__Record extracts__:
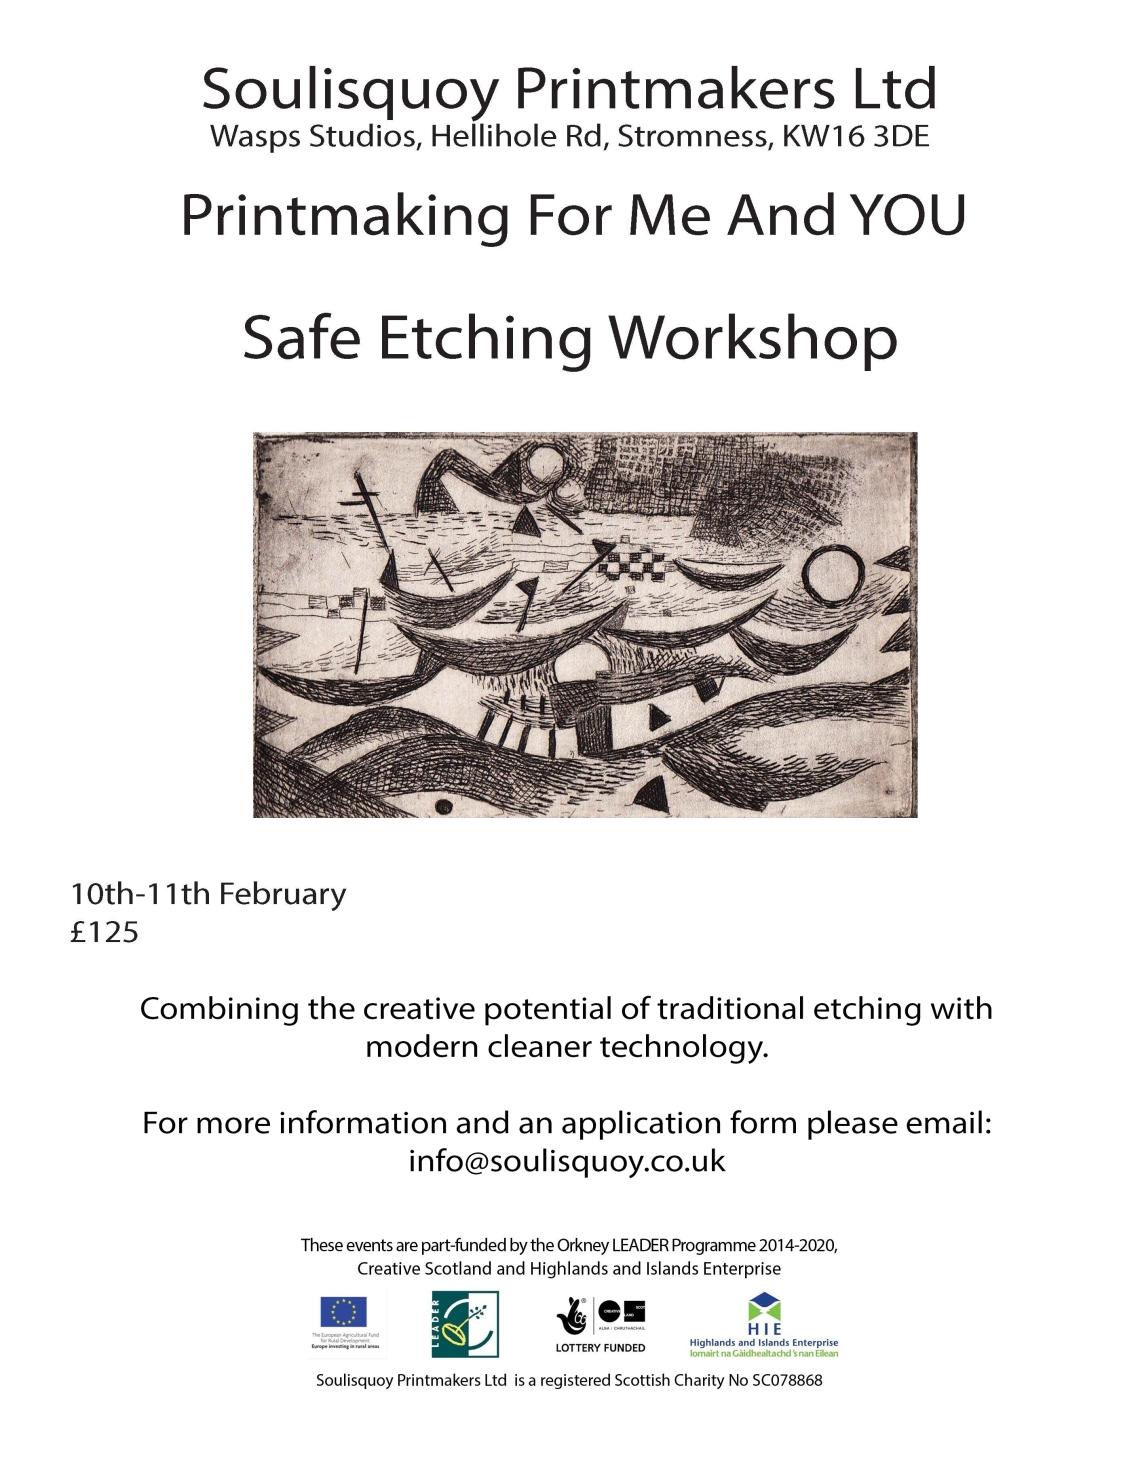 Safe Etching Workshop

==

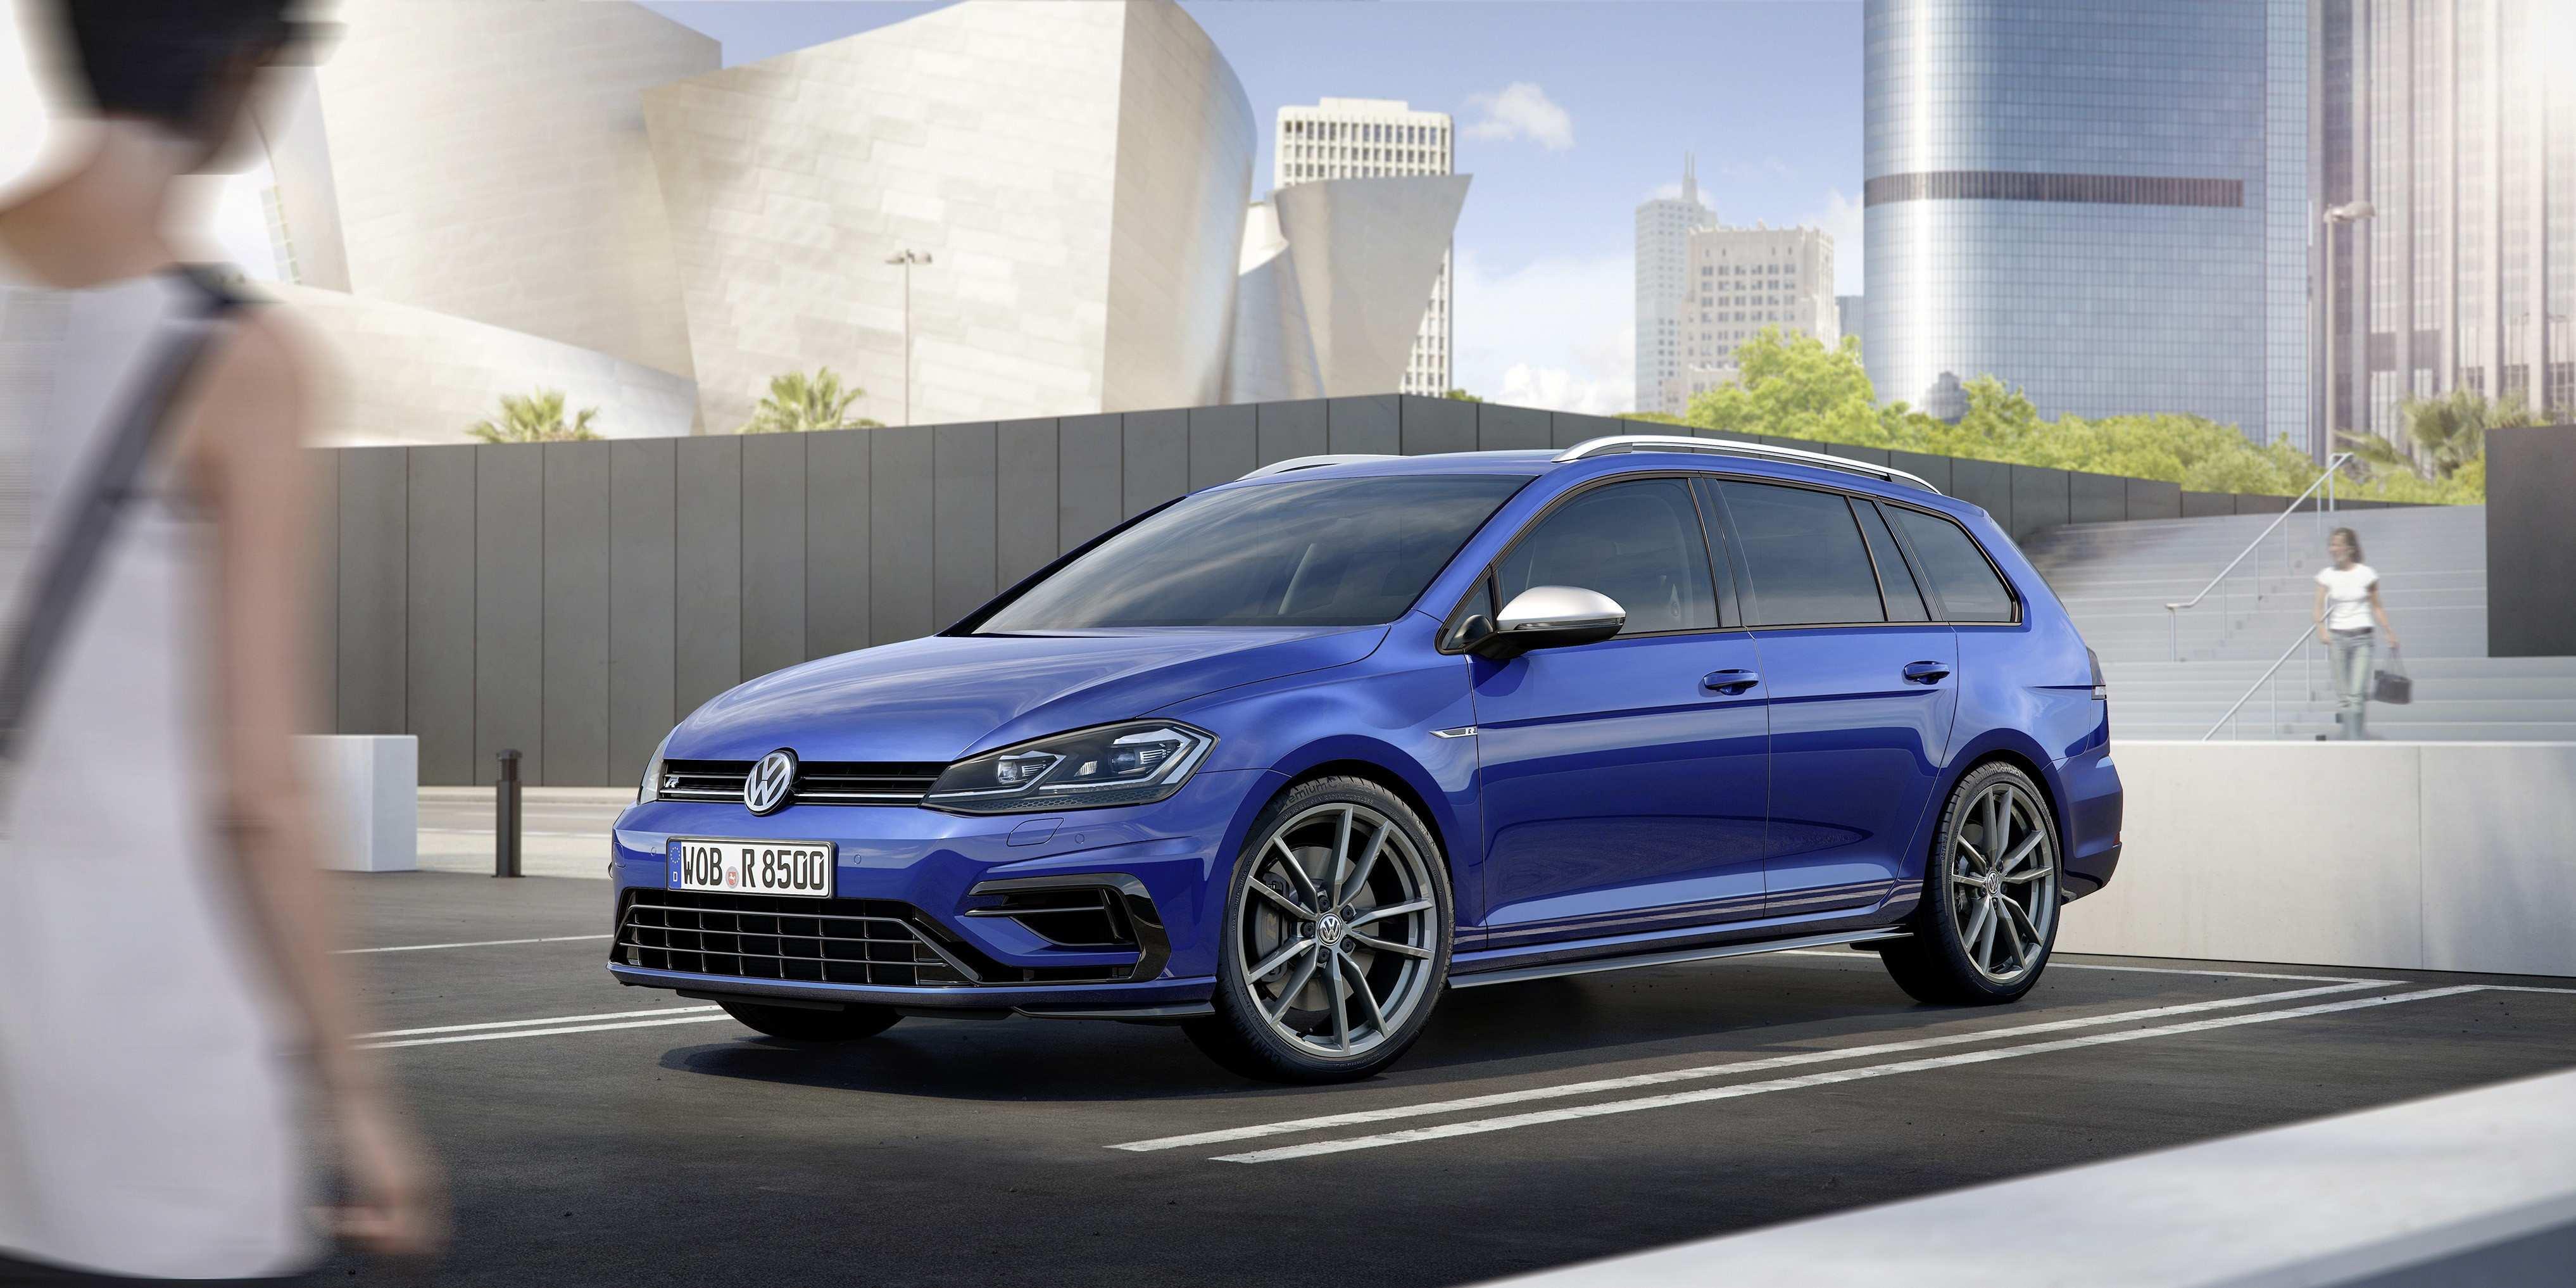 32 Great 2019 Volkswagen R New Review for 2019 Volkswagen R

---

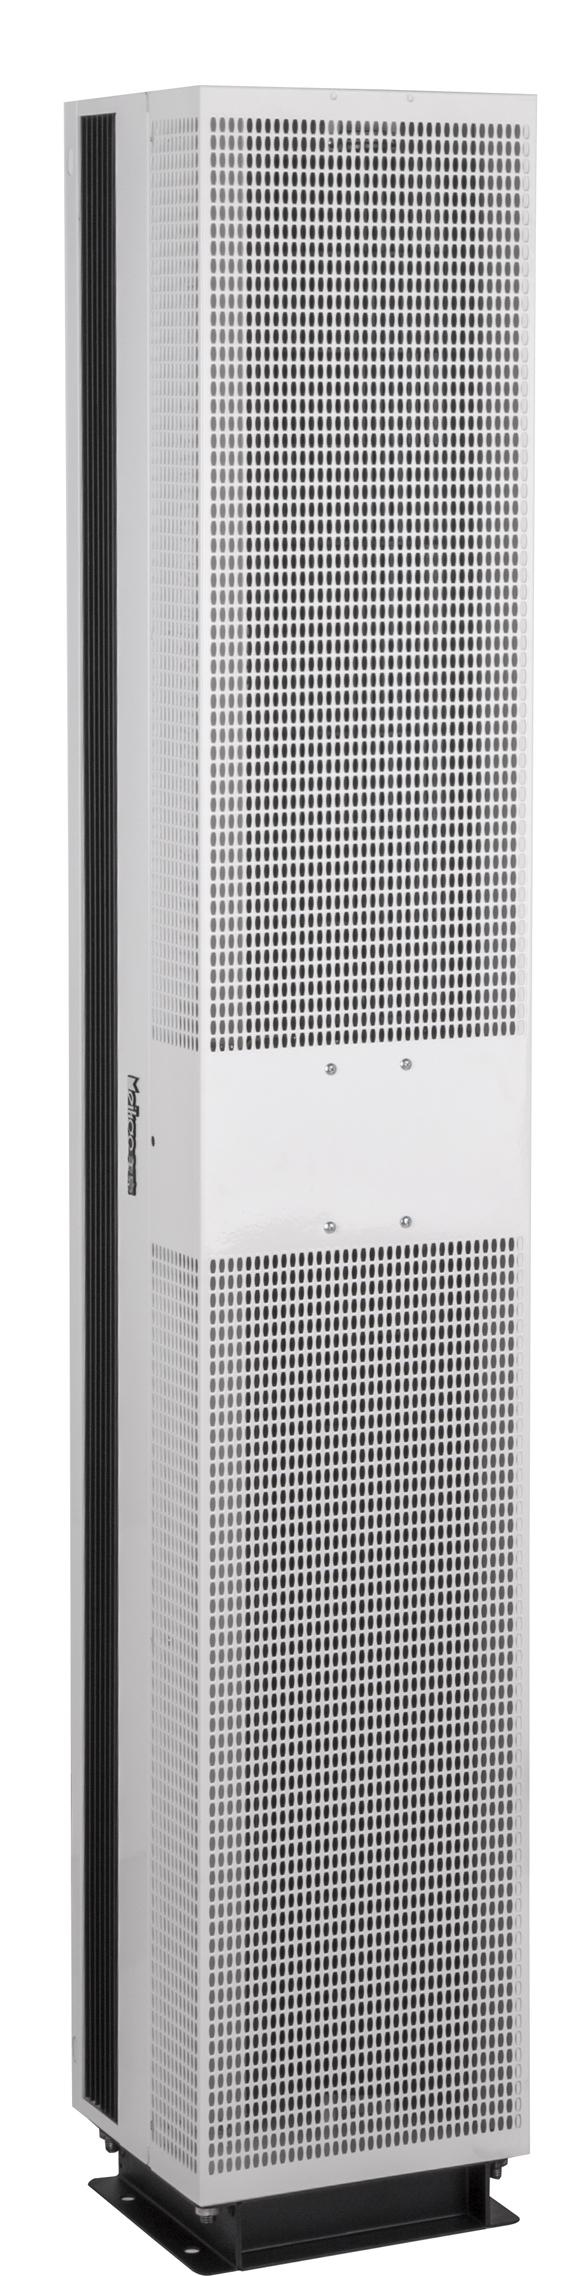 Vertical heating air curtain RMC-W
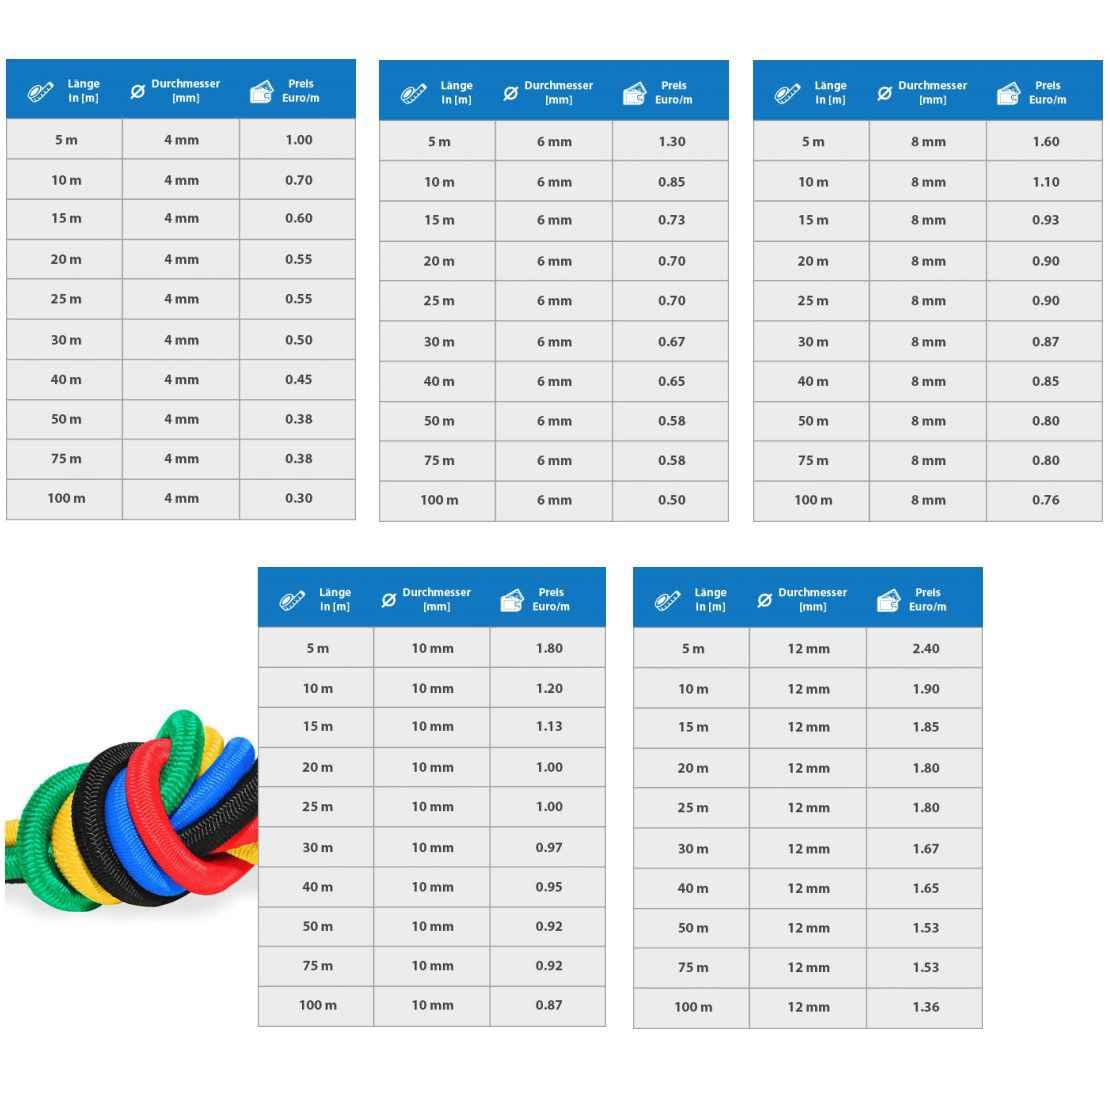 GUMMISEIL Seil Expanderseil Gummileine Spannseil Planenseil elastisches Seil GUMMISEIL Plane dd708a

__Exercise requirements__:
Starting with the line that contains "Vertical heating air curtain RMC-W" and finishing with the line that contains "GUMMISEIL Seil Expanderseil", reproduce every line of the material above exactly, but not the pictures.

__Result for this task__:
 Vertical heating air curtain RMC-W
 GUMMISEIL Seil Expanderseil Gummileine Spannseil Planenseil elastisches Seil GUMMISEIL Plane dd708a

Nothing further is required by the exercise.